- [Work to complete] A word-for-word copy of the data is what's wanted; pictures stay out of it.
━━━ Data ━━━
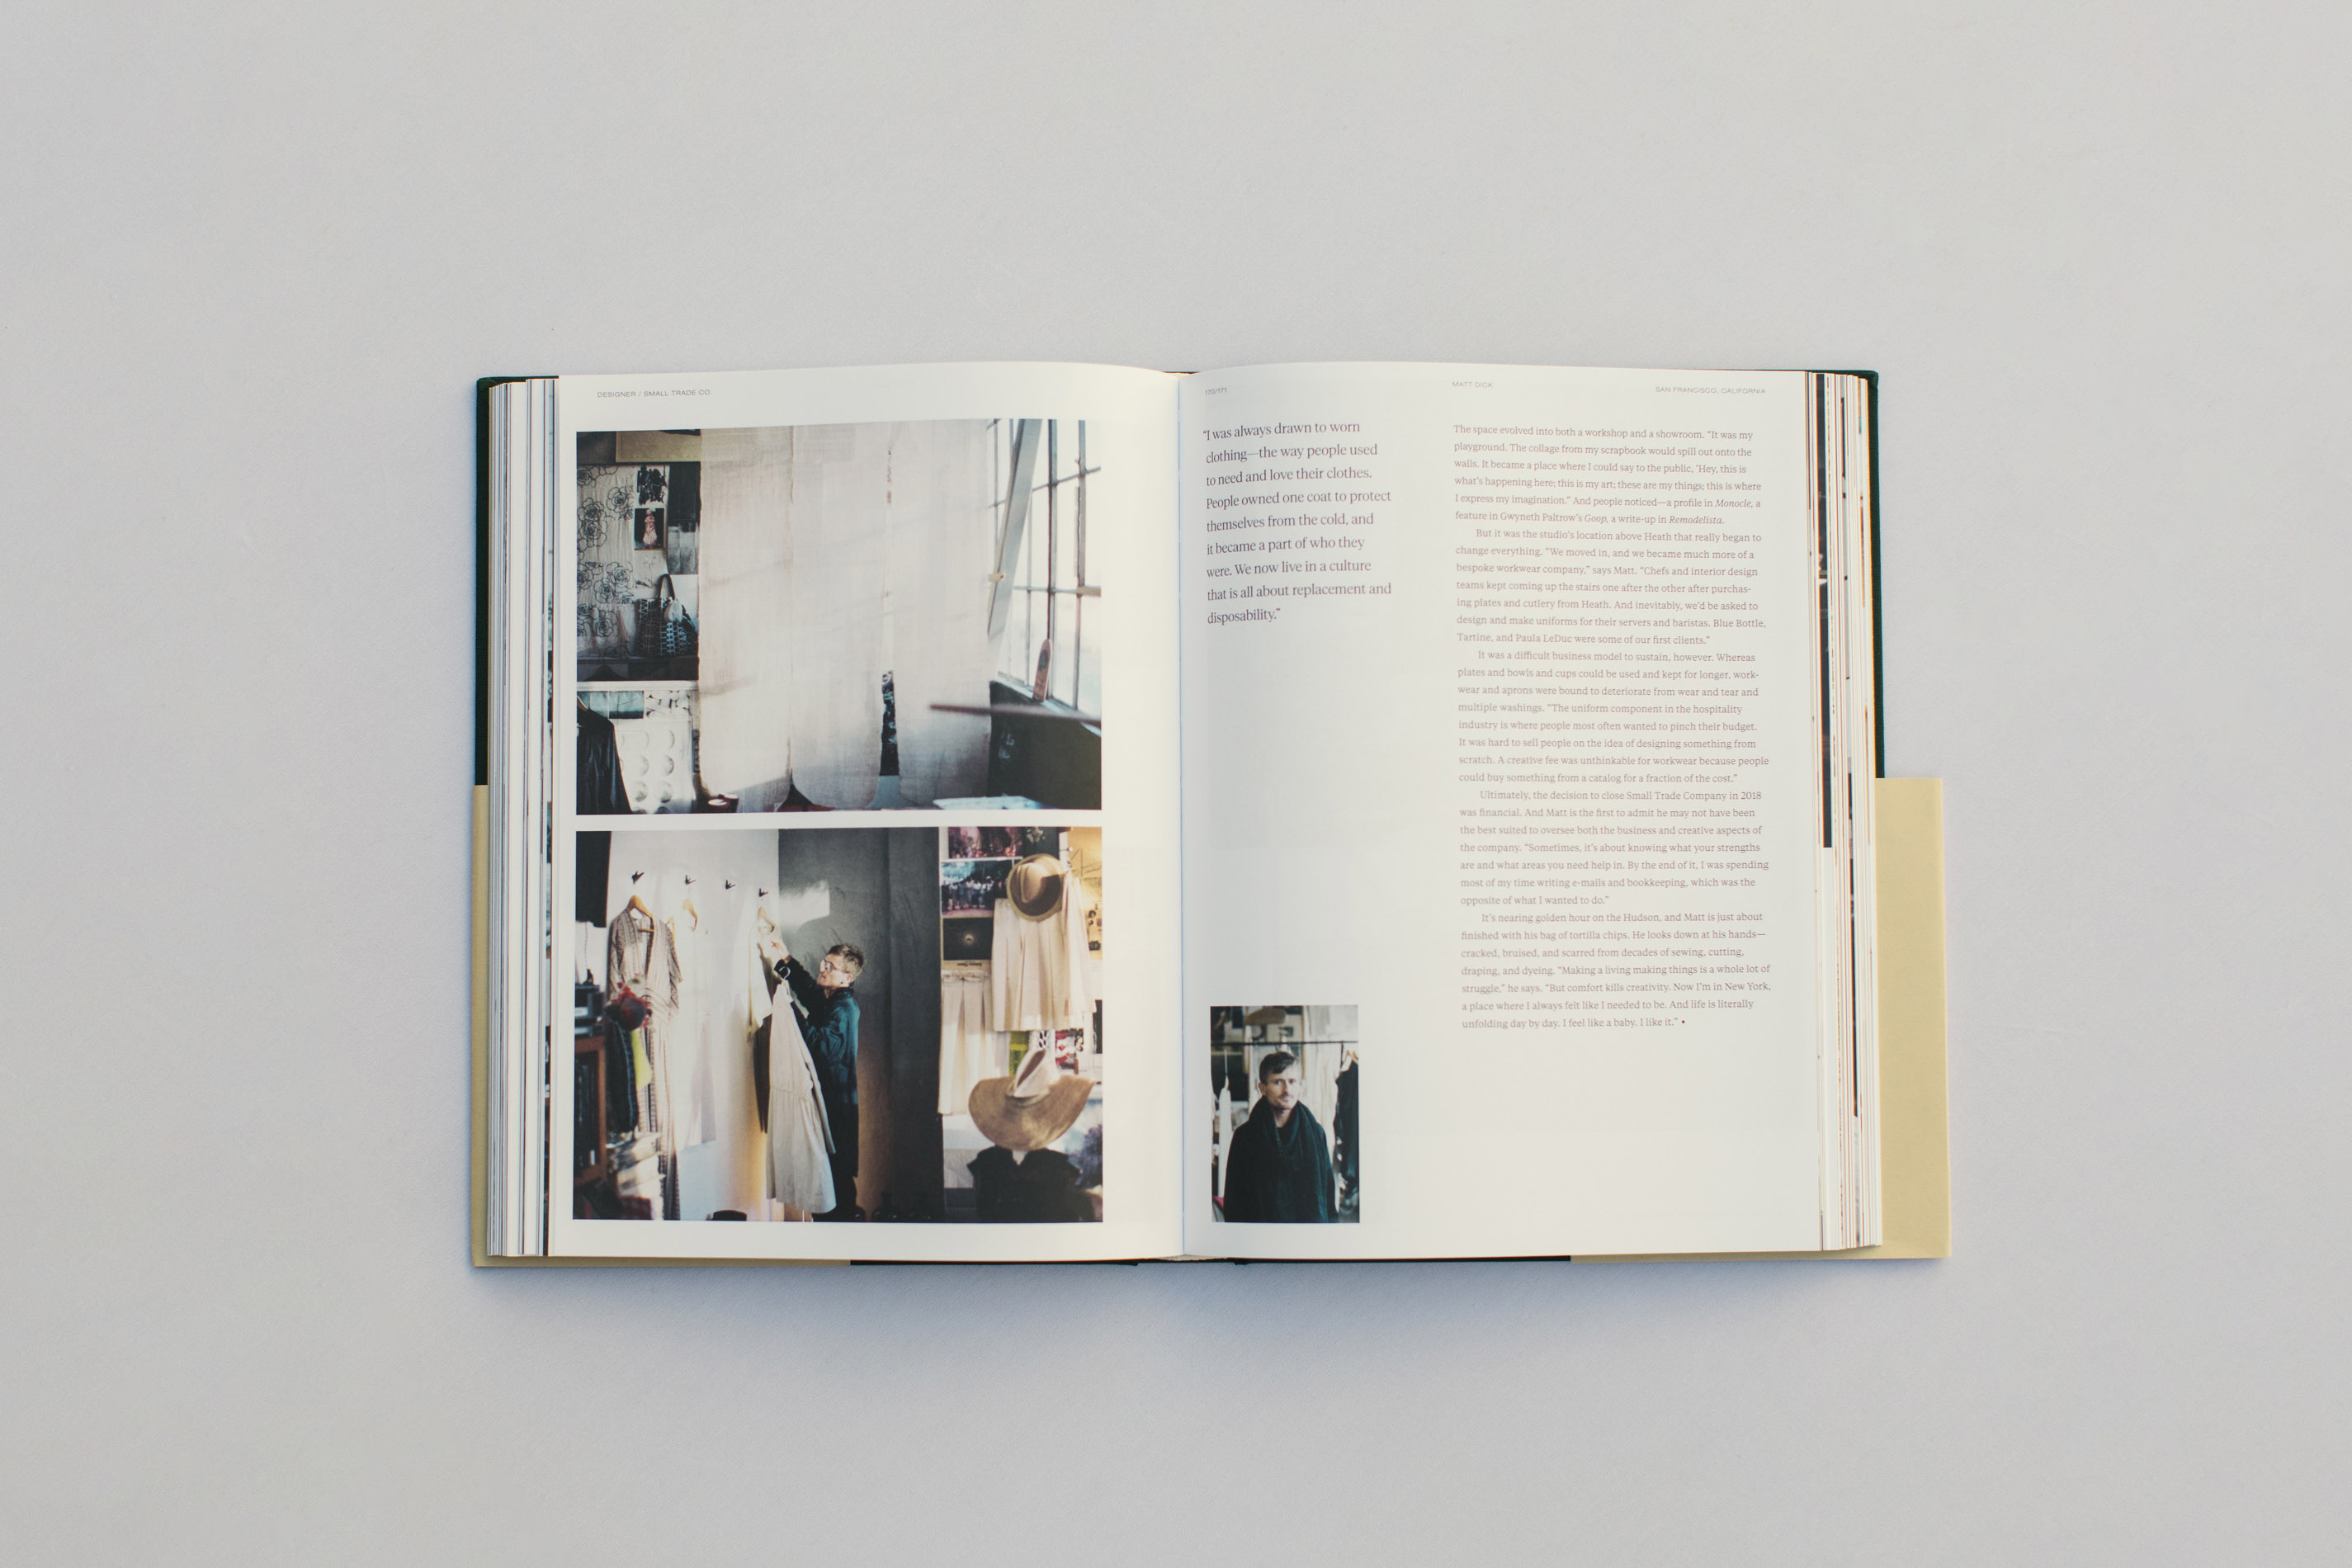 Faculty Department Volume Two, Faculty Department, Justin Chung, Book, Kodak, Matt Dick, Small Trade Company, San Francisco, California
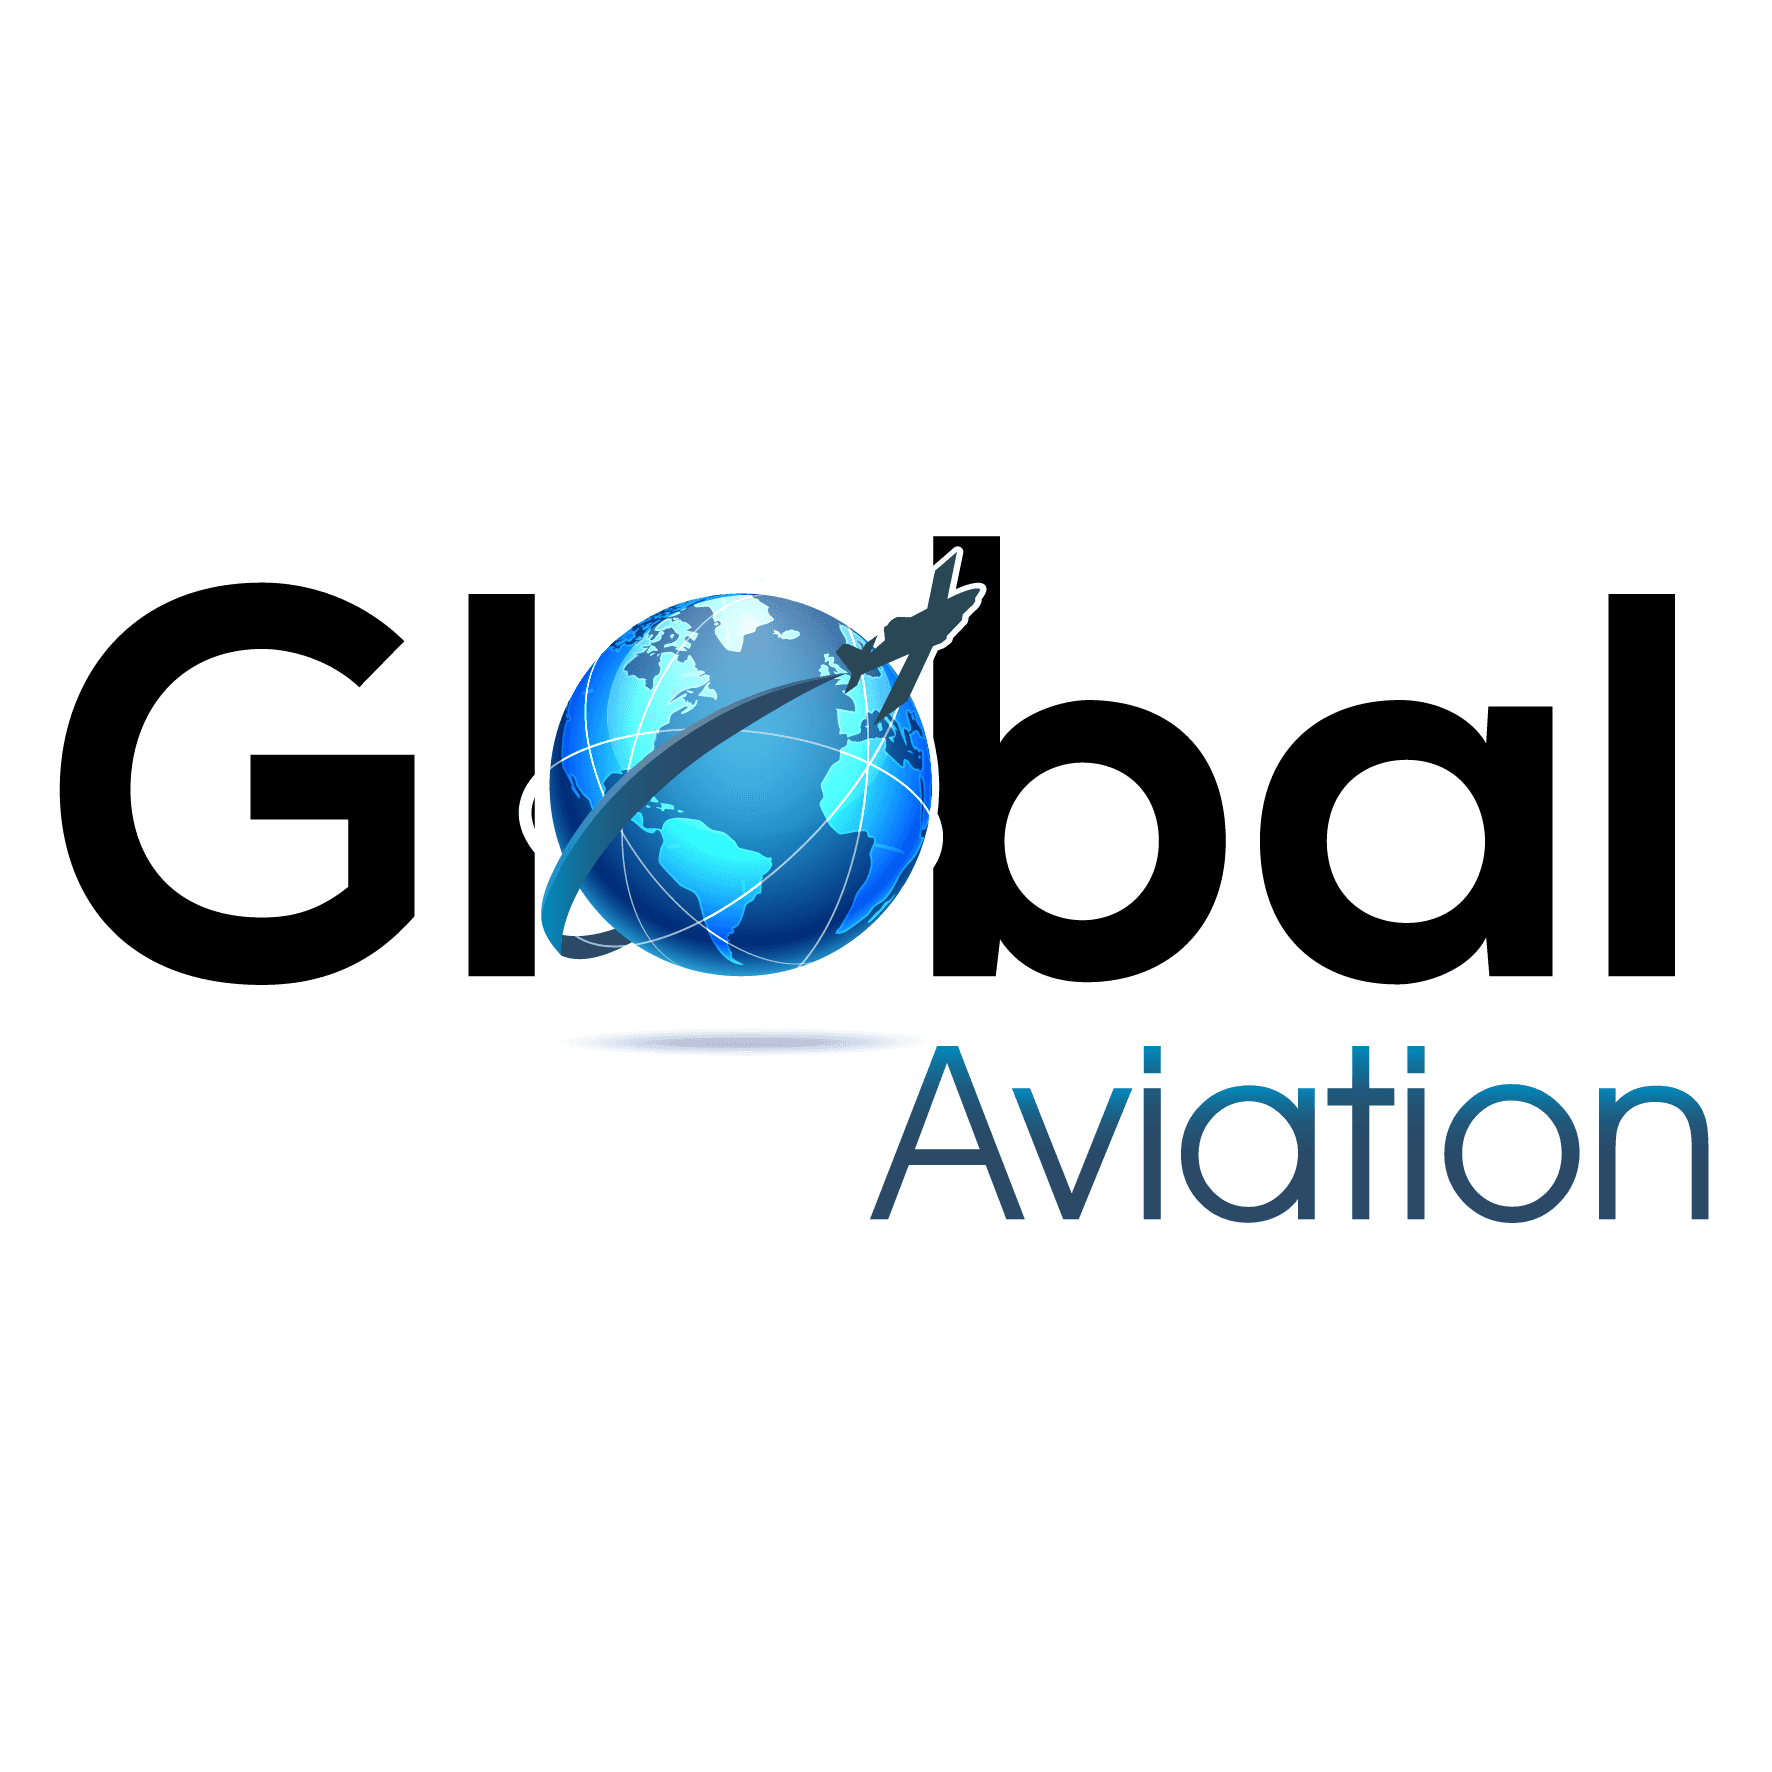 GLOBAL AVIATION LLC
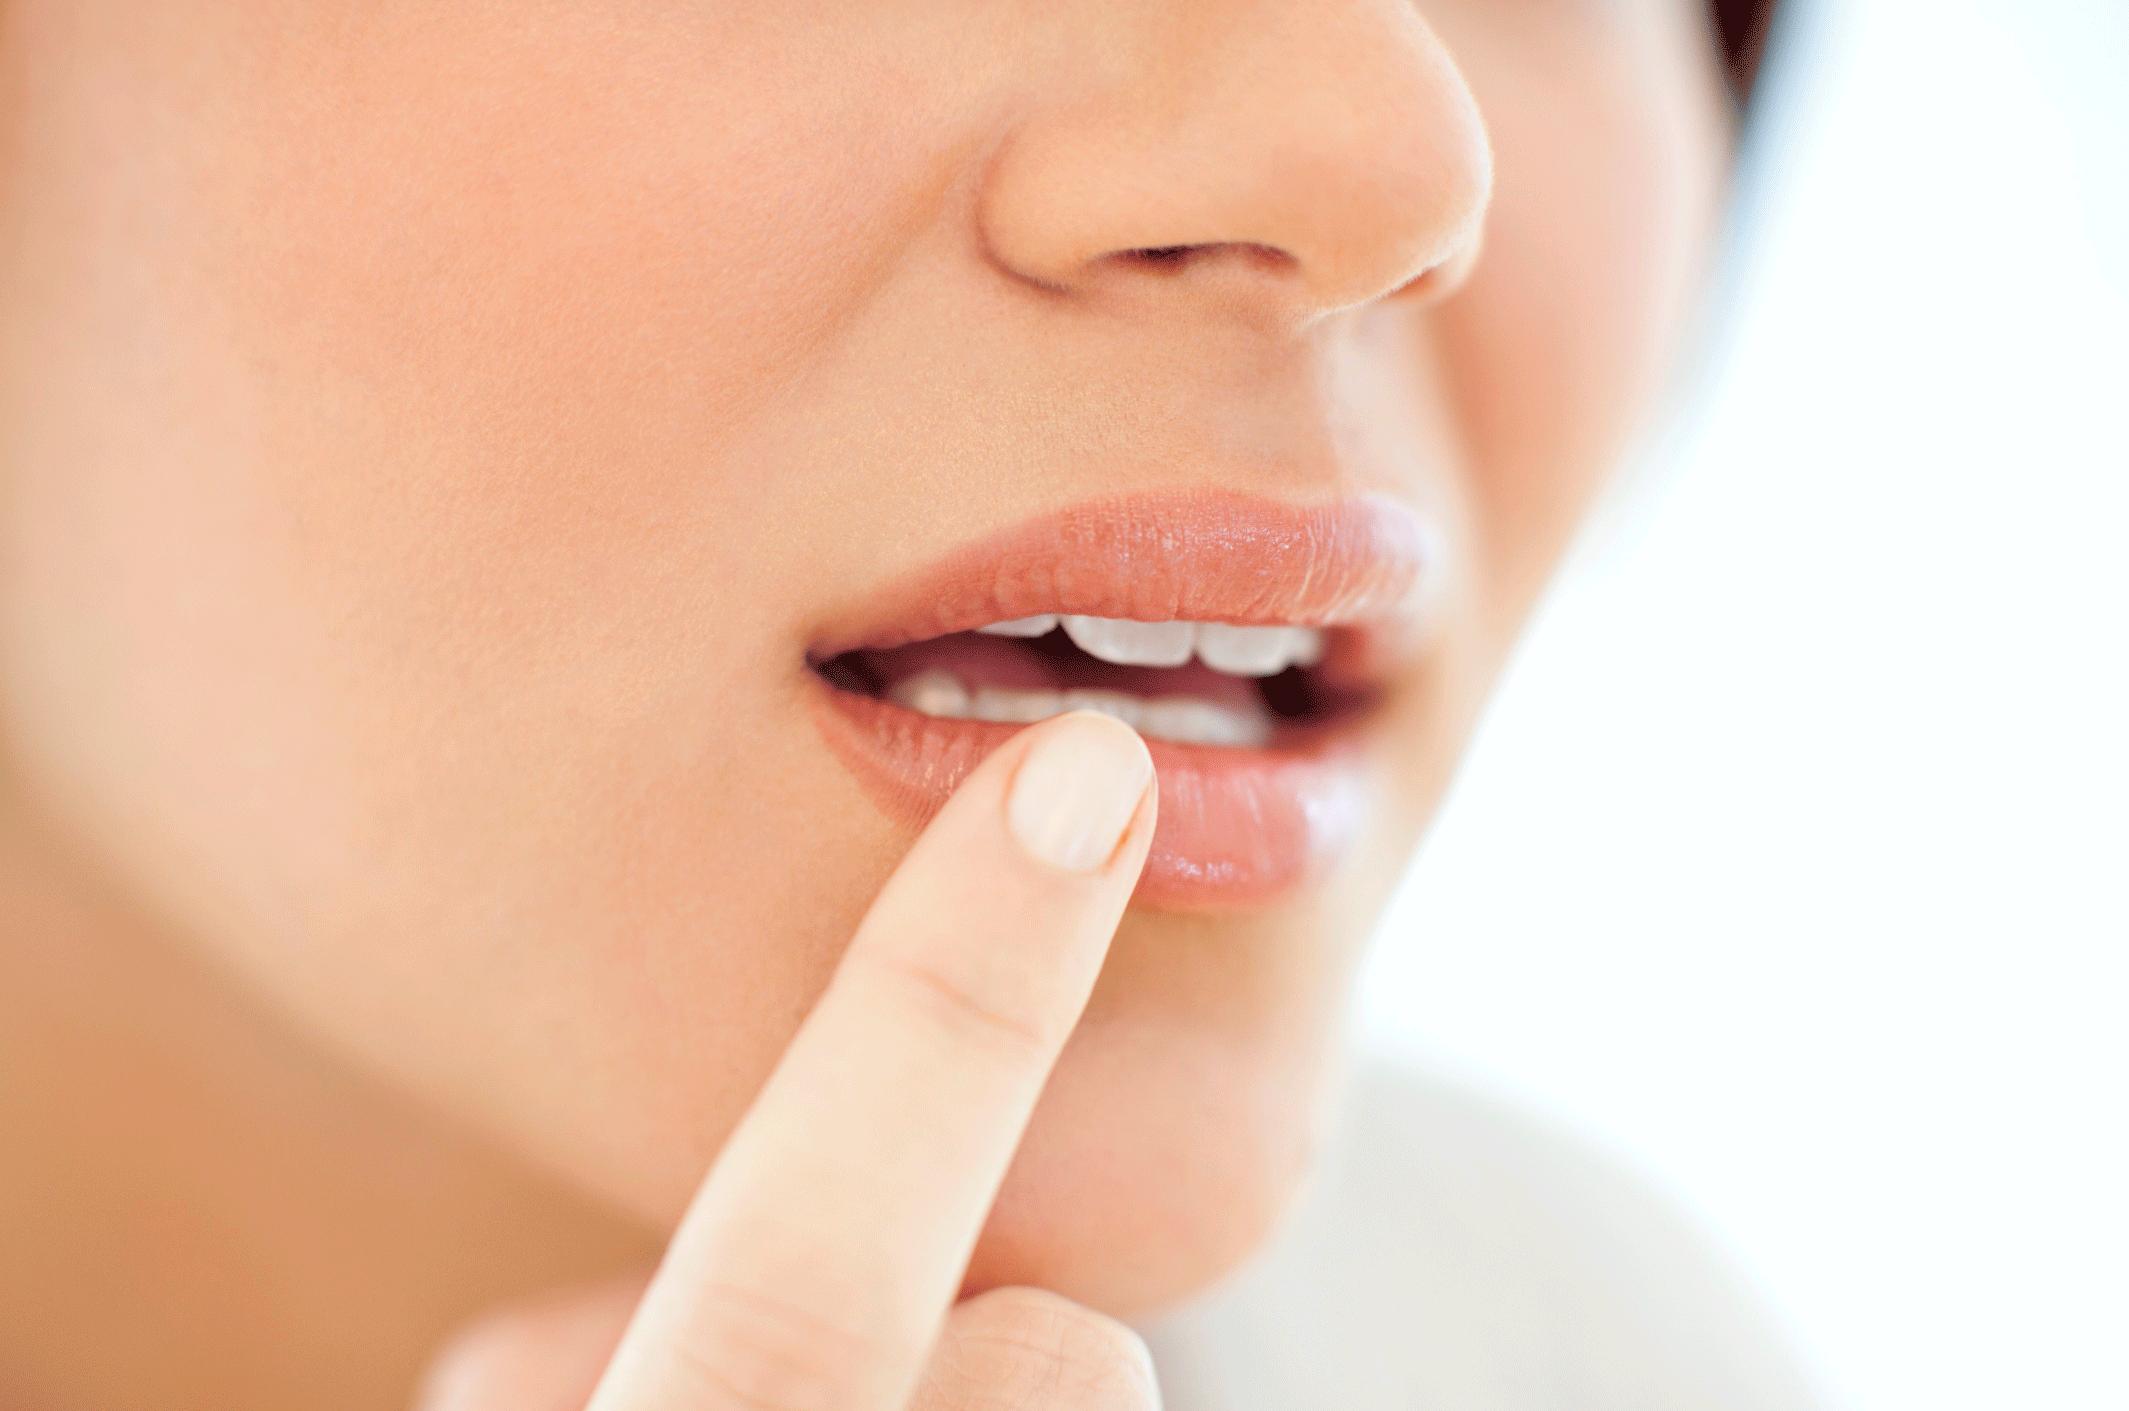 Lips home swollen remedies for Swollen Lips:
━━━
- [Response to this task]
 Faculty Department Volume Two, Faculty Department, Justin Chung, Book, Kodak, Matt Dick, Small Trade Company, San Francisco, California
 GLOBAL AVIATION LLC
 Lips home swollen remedies for Swollen Lips:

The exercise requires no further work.